Las nueve semanas que Van Gogh y Gauguin compartieron en la casa amarilla fueron fructíferas para ambos artistas: Gauguin pintó 21 obras, Van Gogh 36, de las cuales varias representan girasoles. Aunque algunas fuentes mencionan 11 cuadros, refiriéndose a las versiones originales y sus réplicas, la serie principal consta de siete lienzos. Todos tienen el mismo tamaño con mínimas diferencias, 90 por 70 centímetros, y se distinguen por el número de flores que representan: tres cuadros de 15 girasoles, uno de 14, dos de 12 y uno de 5.

Difieren además en algunas tonalidades y también en que muestran distintas etapas de la vida de las plantas, desde los capullos hasta la madurez, la descomposición y la muerte final.
Después de las primeras versiones, donde los colores varían un poco, Van Gogh va disminuyéndolos hasta llegar al monocromatismo absoluto.

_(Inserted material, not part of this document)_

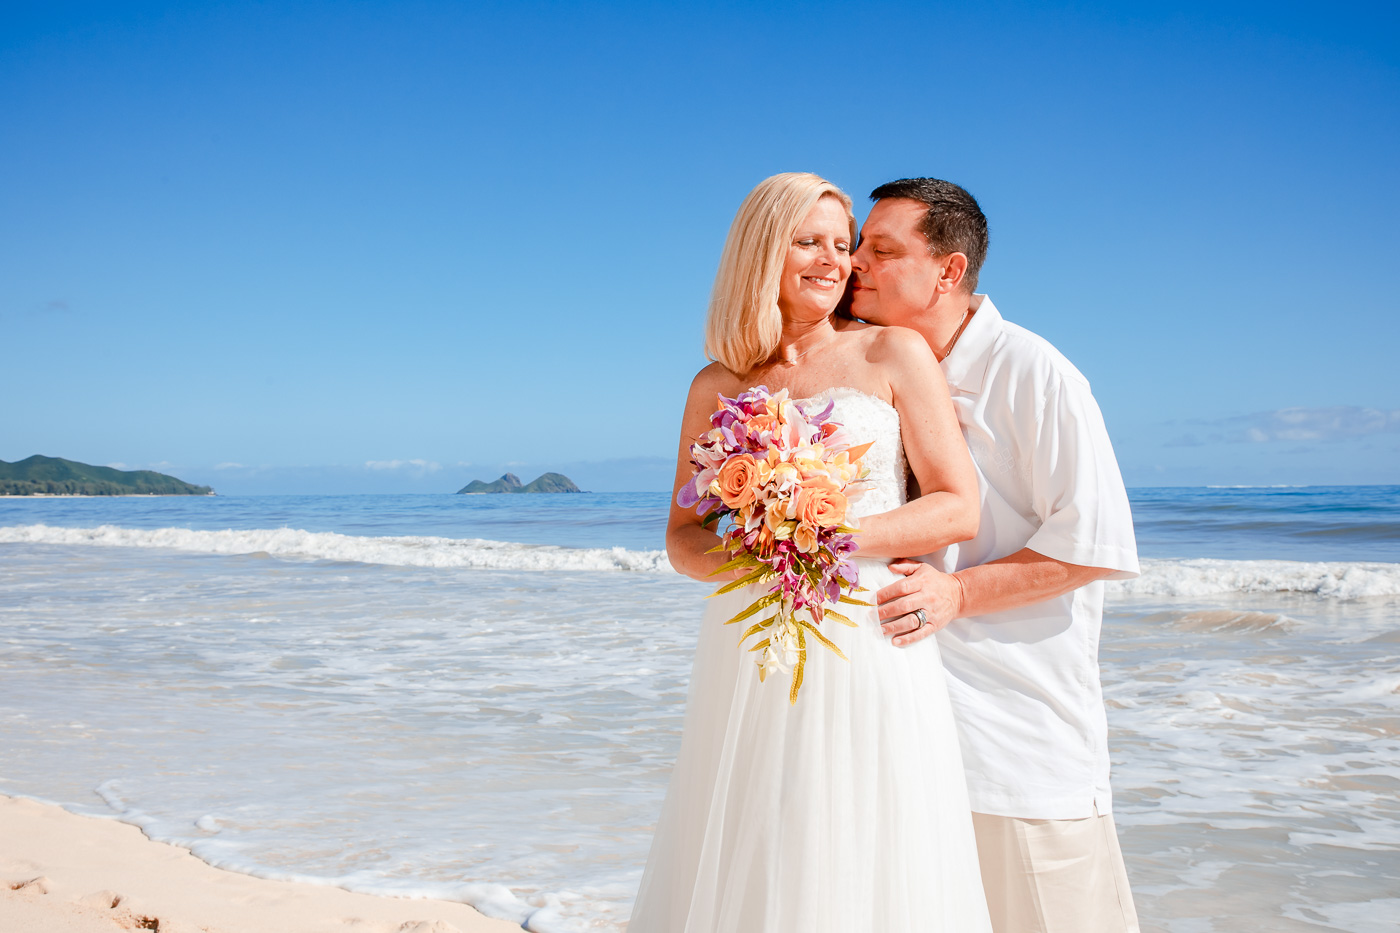 wedding-redux-41247.jpg

El amarillo se apodera de su paleta: flores amarillas en un florero amarillo sobre un fondo amarillo. “Ahora tenemos un calor magnífico e intenso y no corre nada de viento, es lo adecuado para mí. Un sol, una luz que, a falta de un calificativo mejor, sólo puedo definir con amarillo, un pálido amarillo azufre, un amarillo limón pálido. ¡Qué hermoso es el amarillo!”, escribe él a su hermano. Además de ser un revolucionario experimento formal, es un medio de expresar su vida interior, sus sentimientos. A través de este color el artista evoca la gratitud, la felicidad, la vida, la esperanza de un cambio que le traería su estancia en la Provenza.

V. van Gogh, Los Girasoles, 1888, versión destruida V. van Gogh, Los Girasoles, 1889. Museo van Gogh, Ámsterdam
El color en Los Girasoles cobra autonomía, deja de ser un rasgo descriptivo y se convierte en su esencia. La fuerza cromática supera la representación realista, cada pétalo es una declaración de vida, como si el pintor se aferrara al color del sol para no sucumbir a sus propias sombras.
Dos de las primeras versiones de Los Girasoles fueron colgadas en la habitación de Gauguin para darle la bienvenida a su tan esperada llegada, como si el pigmento pudiera expresar lo que las palabras no alcanzaban. Su reacción no fue la esperada: “Me perturbaron. Eran demasiado personales. Me hablaban de él más que de mí.” Reconociendo el talento de Vincent, Gauguin no compartía su visión artística, ni su emocionalidad. Lo consideraba un genio errático, incapaz de controlar su talento. Intentaron trabajar juntos; hasta se retrataron mutuamente. Gauguin, por cierto, eligió justamente el momento de creación de Los Girasoles.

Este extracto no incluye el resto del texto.